To provide an additional measure of the integrity of the resulting consensus proteomes, we explored how copy numbers of ribosomal proteins correlate with the published numbers of ribosome complexes per cell. Ribosomal proteins are produced in equimolar concentrations in the cell and their numbers are tightly regulated [45]. For E. coli, we assume an approximate number of 31,739 ribosomes per cell in selected conditions (see Section 4). For S. cerevisiae, a value of 220,000 ribosomes per cell has been reported [46]. Finally, for HeLa cells, differing values have been reported: 3.3 million [47], 4 million [37], and 9.5 million [48]. We selected a median of these values. Generally, median copy numbers of ribosomal proteins (adjusted to the ribosomal composition, see Section 4) in the integrated proteomes are close to the selected numbers of ribosomal complexes except for E. coli, which is a bit lower (Figure 7). We take this as an indication that the scale of our transformation is in agreement with supplementary quantitative data for these cell types.

However, it must be noted that the results of experiments which utilize mass spectrometry display considerable differences between copy numbers of ribosomal proteins. Lower copy numbers than expected can be attributed to some loss of material during sample preparation. However, considering the aforementioned phenomenon of tight balancing of the levels of ribosomal proteins [45], it is surprising to see ribosomal proteins with significantly higher copy numbers than expected. Nevertheless, it must also be taken into consideration that estimates of the number of ribosomes can noticeably vary in the literature (as is the case with HeLa). We expect that these results might prove to be stimulating to re-examine the levels of ribosomes and ribosomal protein copies in future studies.

3. Discussion

The present study explores the discrepancy in total protein copy numbers reported in whole proteome quantification studies. This discrepancy has been noticed before [12,49]. However, since then, more datasets have been published for common model organisms, such as the ones selected in our study, i.e., E. coli, S. cerevisiae, and HeLa cells. Exploring the results of 21 proteomic studies for these cell types, it seems likely that a variation in reported numbers is associated with subtle miscalculation performed at different steps of proteome quantification such as cell counting. First, selected datasets share proteins with the highest copy numbers per cell, which suggests that proteins not quantified in any study are present in low copies and would not have a large influence on the final result. Additionally, while we observe moderate levels of correlation for levels of individual proteins between the datasets, this factor alone cannot explain the observed difference in total protein copies per cell.

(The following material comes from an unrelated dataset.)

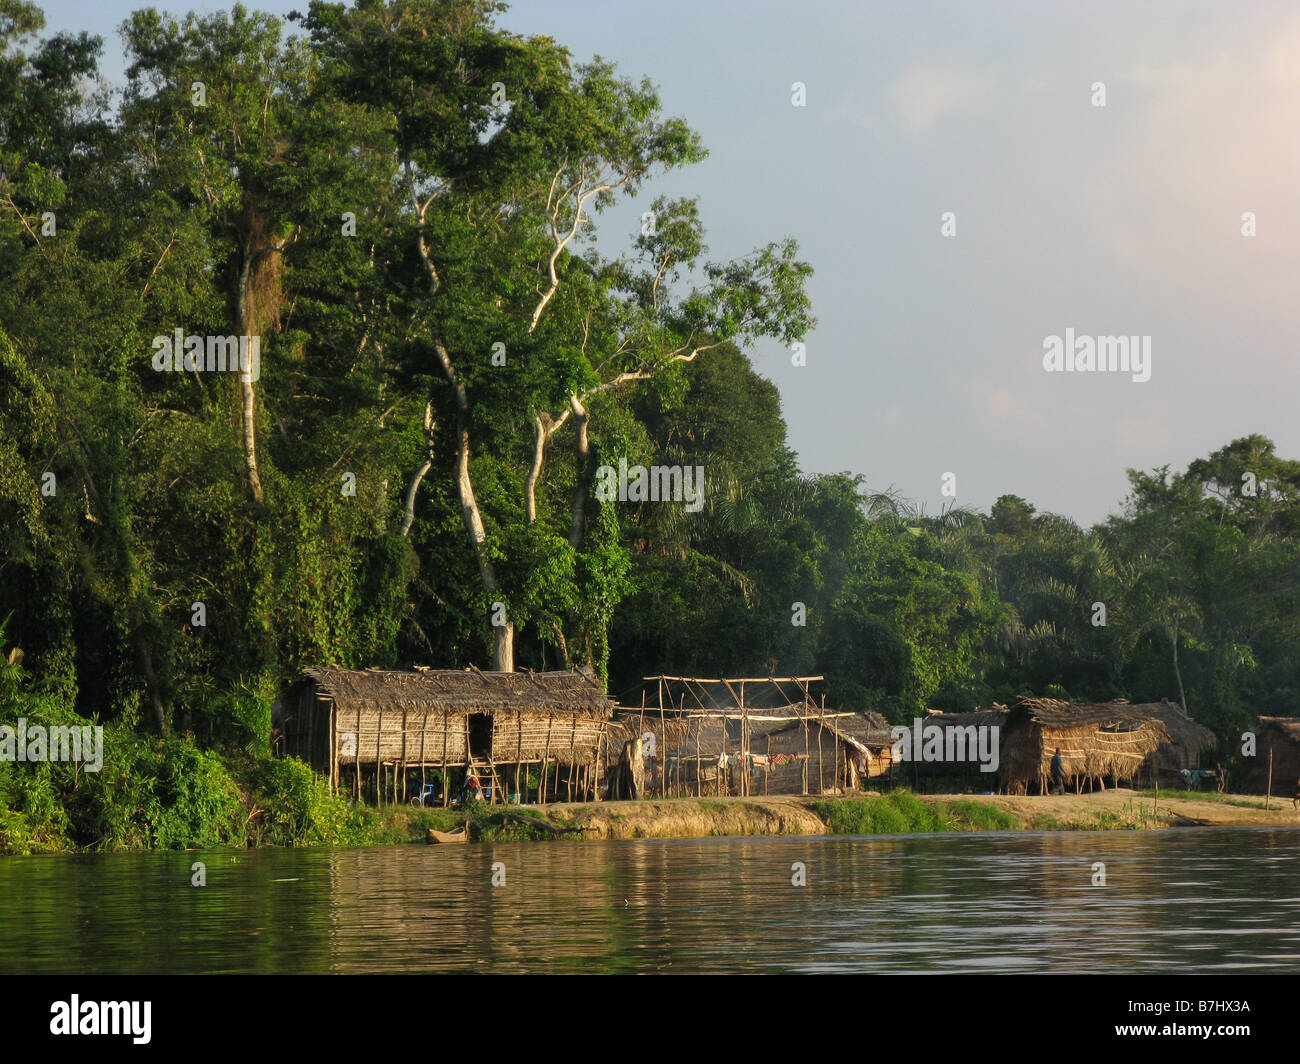 Fischerdorf Reet gedeckte Hütten Gras und Schilf auf Stelzen am Ufer des Kongo-Fluss in der Demokratischen Republik Kongo gesetzt Stockfoto

While there are more datasets than the ones used in this study, we prioritized datasets that performed original calculations of protein copy numbers. In fact, several published proteome quantification studies that have reported protein abundance in copies per cell used a presumed total number of protein copies for normalization [50,51]. While this is a reasonable approach, these studies used a lower total protein copy number than the one that can be calculated from the total protein mass per cell, as done in the present study. This is explained by the fact that previous publications that calculated the total number of protein copies per cell used different values of parameters, such as average protein mass [11], or performed a targeted quantification that did not include some of the highly expressed proteins in initial target selection [9]. Altogether, these observations highlight the importance of re-analysis and normalization of protein copy numbers. Our method of normalization of protein copies to a calculated total number of total protein copies per cell is based on total protein mass per cell and average protein mass. In the end, we obtained consensus proteome maps of E. coli, S. cerevisiae, and HeLa cells.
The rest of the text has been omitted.